D'origine corse, l'auteur a grandi à Marseille, a passé de nombreuses années aux faits divers de son journal et a côtoyé pour ses enquêtes petits dealers, malfrats, caïds, leurs familles et certains membres d'une caste politicienne singulière. Il connaît et maîtrise donc son sujet, ce qui se ressent à chaque chapitre.
Il ne se contente pas de dénoncer les problèmes évidents de délinquance. Sans juger ni légitimer, il donne le contexte, cite des cas individuels. Il y a de quoi être plombé devant ces gamins qui vendent (et consomment) un shit mélangé à de l'huile de vidange, devant des petiots de moins de dix ans partir à la quête aux cafards dans leur immeuble pour les revendre 5 centimes la bestiole, devant la détresse et le désespoir d'une mère dont son fils puis son mari ont été troués de balles et qui doit désormais se débrouiller entre sa tristesse et les autres gamins à élever et à empêcher de s'embrancher vers le même destin.

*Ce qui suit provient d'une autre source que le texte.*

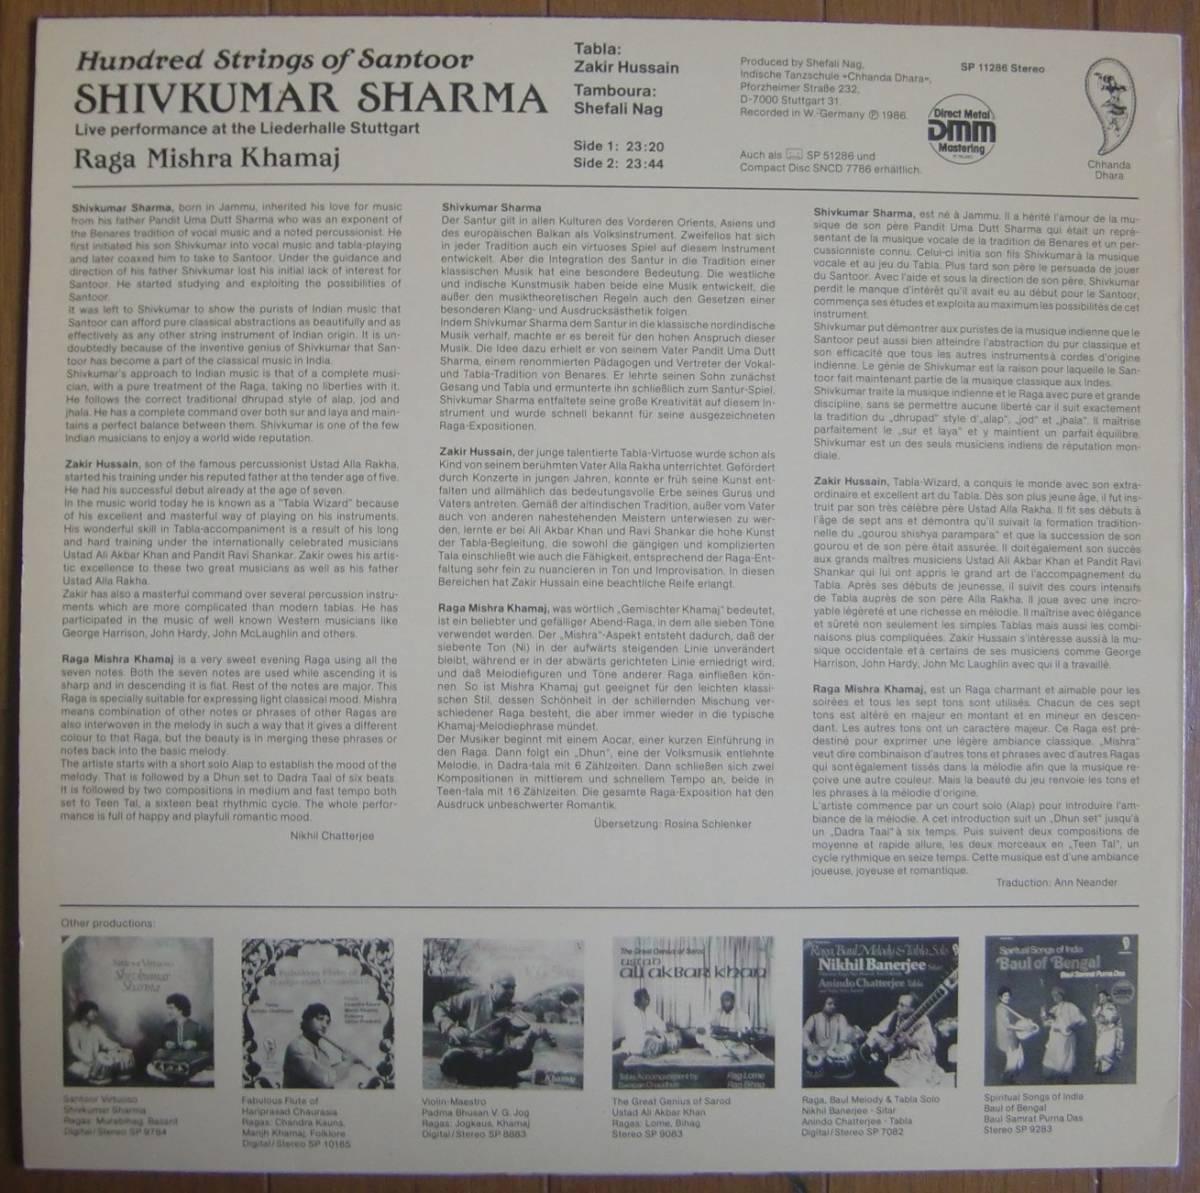 長岡鉄男 外盤A級セレクションNO221 サントゥールの100本の弦_画像2
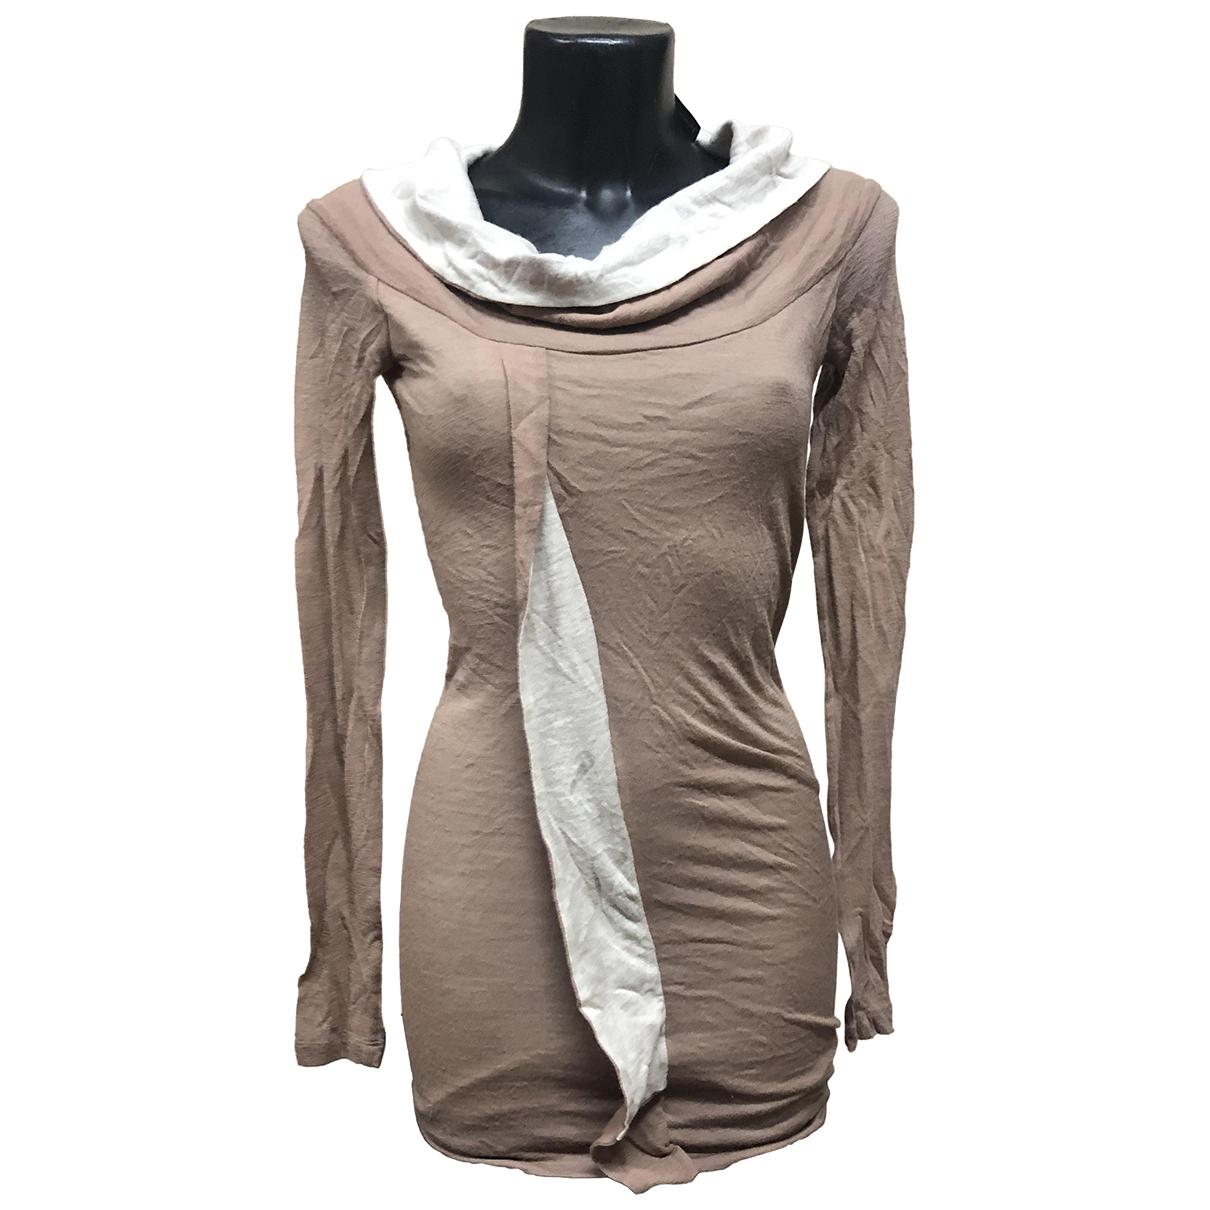 Plein Sud \N Kleid in  Beige Wolle

Il y a aussi ces éducateurs qui font ce qu'ils peuvent pour aider et faire sortir cette jeunesse déliquescente de son apathie résignée à n'être rien sinon de la chair à caïds.

Dans une seconde partie, Philippe Pujol aborde la "gestion" politique de Marseille avec Gaudin et compagnie. Clientélisme, passe-droits, corruptions, alliances contre nature en terme de politique, etc, les élus de la ville - maires, députés, sénateurs, conseillers, etc - ne reculent devant pas grand chose pour assoir leur pouvoir. Quitte à s'entendre avec des bandes plus ou moins mafieuses pour toujours plus de crédits. Quant à la gestion de l'argent public, c'est une aberration systémique. Sans être marseillaise ni du Sud, nombre de noms de famille de politiciens paraissent dans les médias généralement accolés à des accusations de corruption, malversations, abus de fonds publics, ... Marseille n'est pas la seule ville à souffrir de ce genre de méfaits, mais tels que décrits par le journaliste, on ressort avec le sentiment que tous se cristallisent pour que le système ne changent surtout pas! Et pendant ce temps, les fossés d'inégalités se creusent toujours plus.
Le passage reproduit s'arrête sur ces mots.